South Korea is acting as a filter for Western values making them more palatable to other Asians. From clothes to hairstyles, music to television dramas, South Korea has been defining the tastes of many Asians for the past six years. Asian viewers describe Korean dramas as energetic and exciting while maintaining traditional values. The boom of Korean entertainment has increased demand for Korean products, and more people have become interested in Korean culture and the language.[4]
The Korean wave or Hallyu has been a blessing for Korea, its businesses, culture and country image. Since early 1999, Hallyu has become one of the biggest cultural phenomena across Asia Pacific. The booming South Korean presence on television and in the movies has led Asians to buy up South Korean goods and to travel to South Korea, traditionally not a popular tourist destination. So tremendous has the Hallyu effect been that it has contributed 0.2% of Korea's GDP in 2004, amounting to approximately USD 2 billion.[5]

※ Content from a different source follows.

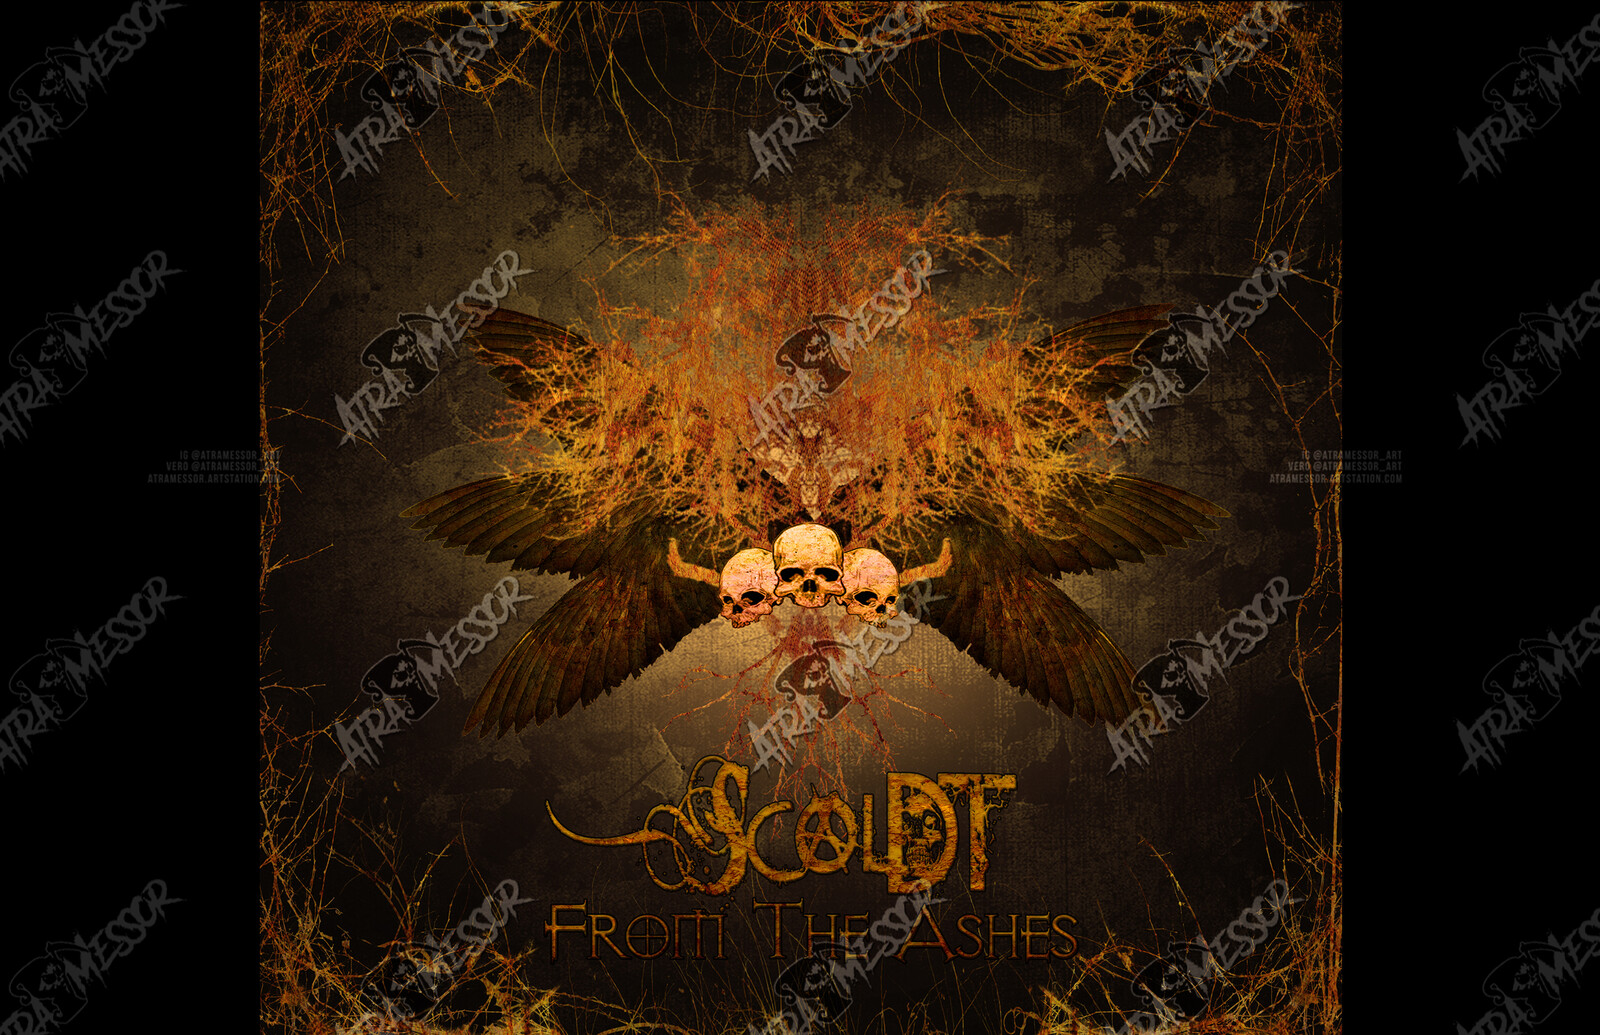 Scoldt From the Ashes Album Art

Hallyu is now creating a new wave, facilitating active interchanges of popular culture among neighboring Asian countries. Of late, Western observers and the international press have expressed their wonder at how Korean popular culture has become the major commodity in the Asian market. Whereas Korean culture had long remained in the periphery of Northeast Asia, hallyu has offered the opportunity to make the country an active producer of culture. Hallyu has shown a reverse route from the past flow of cultural interchange in Northeast Asia; it has not copied or followed the footsteps of Western popular culture. It has shown its capability of "cultural creations" befitting Asian sentiment and values.[6] Thus, there has been rising torrent of Korean wave in East Asia, South East Asia and also slowly in South Asia. Korean wave has also been expanding its tide in other parts of the world other than Asia.

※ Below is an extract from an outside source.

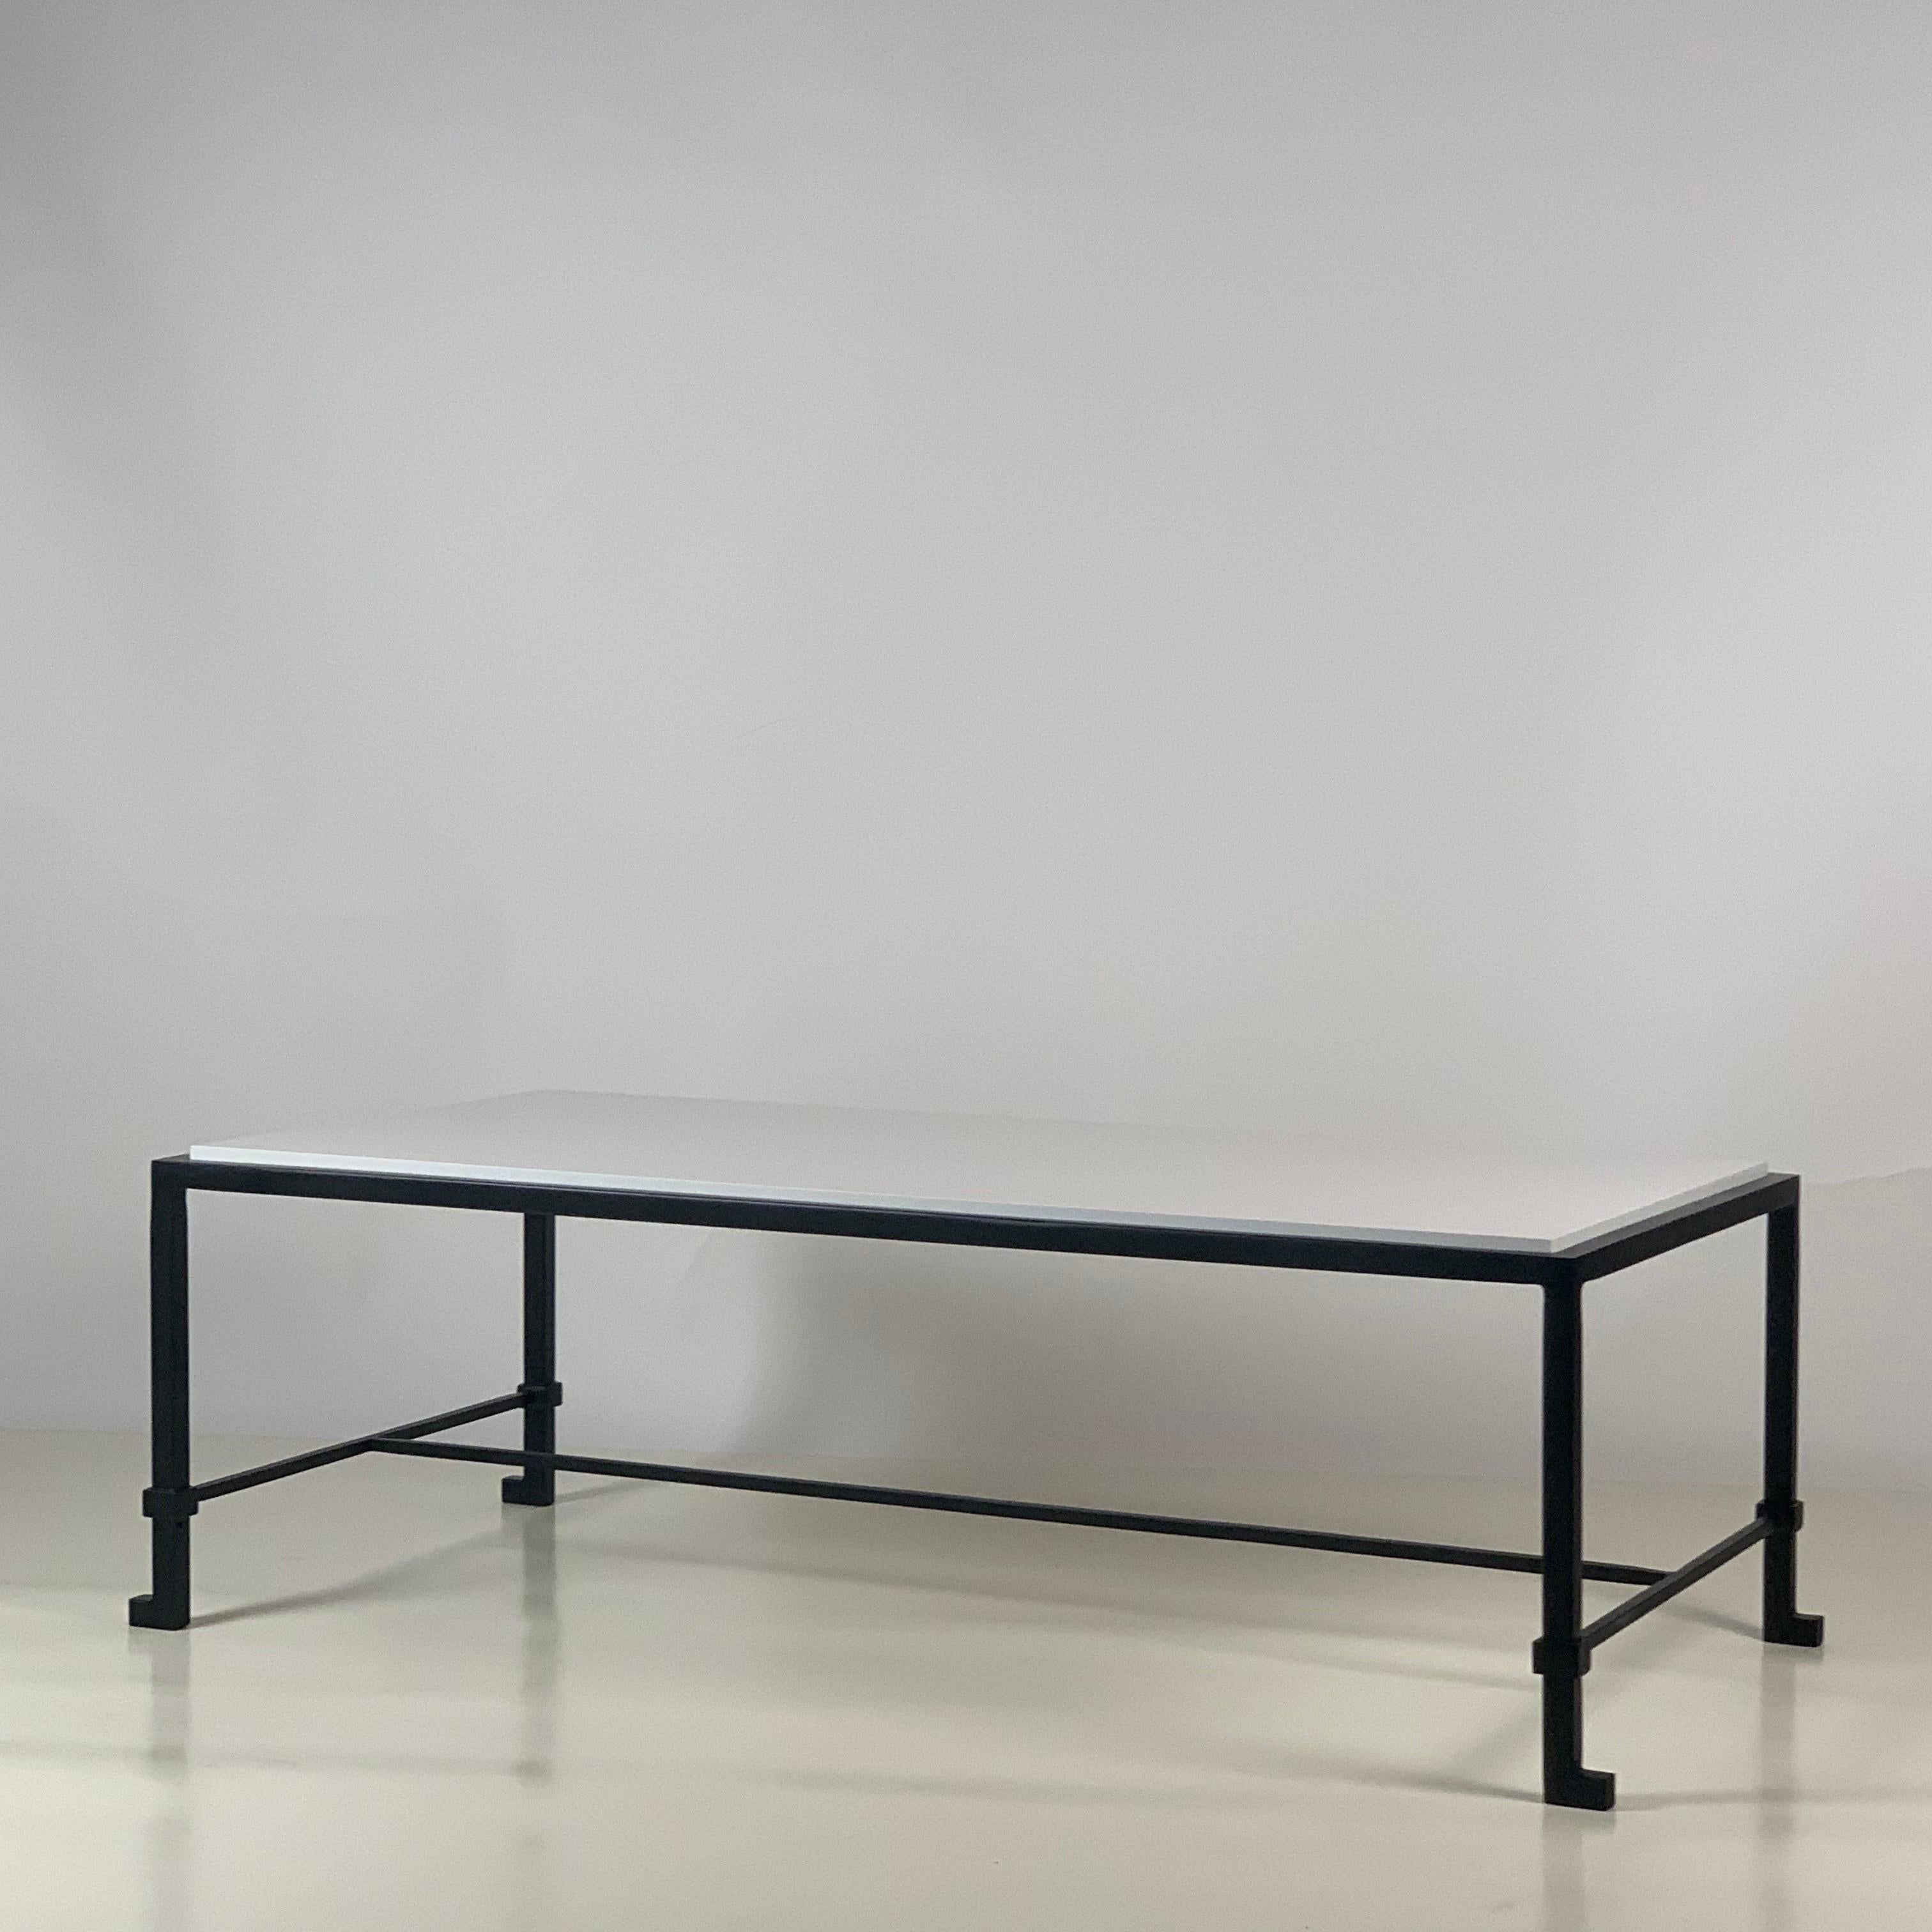 French Chic 'Diagramme' Caesarstone Coffee Table by Design Frères For Sale

Korean Wave in Manipur: An Appraisal
Before we delve into the assessment of Korean wave in Manipur, let us briefly examine its nature in India in general. The phases of Korean wave in India can be divided into two. The first may be referred to as Korean economic wave. It came in India with the liberalization of Indian market in the beginning of 1990s. There was essentially growing association with the Korean companies like Hyundai, LG, Daewoo, and Samsung. In following years, these companies further expanded and diversified the range of their products and became household names in India. Now there is hardly any family, especially in urban India, which does not have products of these Korean companies. With the proposal of the POSCO, a steel giant of Korea, to investment around $12 billion in integrated steel plants at Paradip in Orissa, there have been speculations that there would be increased interests of Korean multinationals in India in coming years. The POSCO investment in India would be the largest ever foreign investment in India till date and the single largest overseas investment by a Korean company.[7]

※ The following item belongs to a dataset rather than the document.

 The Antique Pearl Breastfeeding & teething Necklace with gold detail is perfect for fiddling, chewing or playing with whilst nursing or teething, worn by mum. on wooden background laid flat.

The second phase may be termed as Korean cultural wave. It has reached the Indian shore very recently as compared to some of the other Asian countries. In May-June 2006, a Korean delegation visited India, as part of its efforts to spread the Korean Wave in this country. For the very first time in India the Korean drama “Emperor of the Sea" was introduced by DD 1 on 23rd July 2006. In another move to make Indian audiences aware about the Korean cultural richness, the MBC hit drama "A Jewel in the Palace" began to be aired on DD 1 from 24th September 2006. So, the introduction of Korean dramas is part of growing interest of Indians in not only Korean economic miracle but also in the cultural traits of Korea exemplified in various TV soap operas and music. There has been growing demand in India for not only Korean language but also Korean studies in general with the growth of Korean companies in India. It is significant to note that the two phases are complementary to each other.[8]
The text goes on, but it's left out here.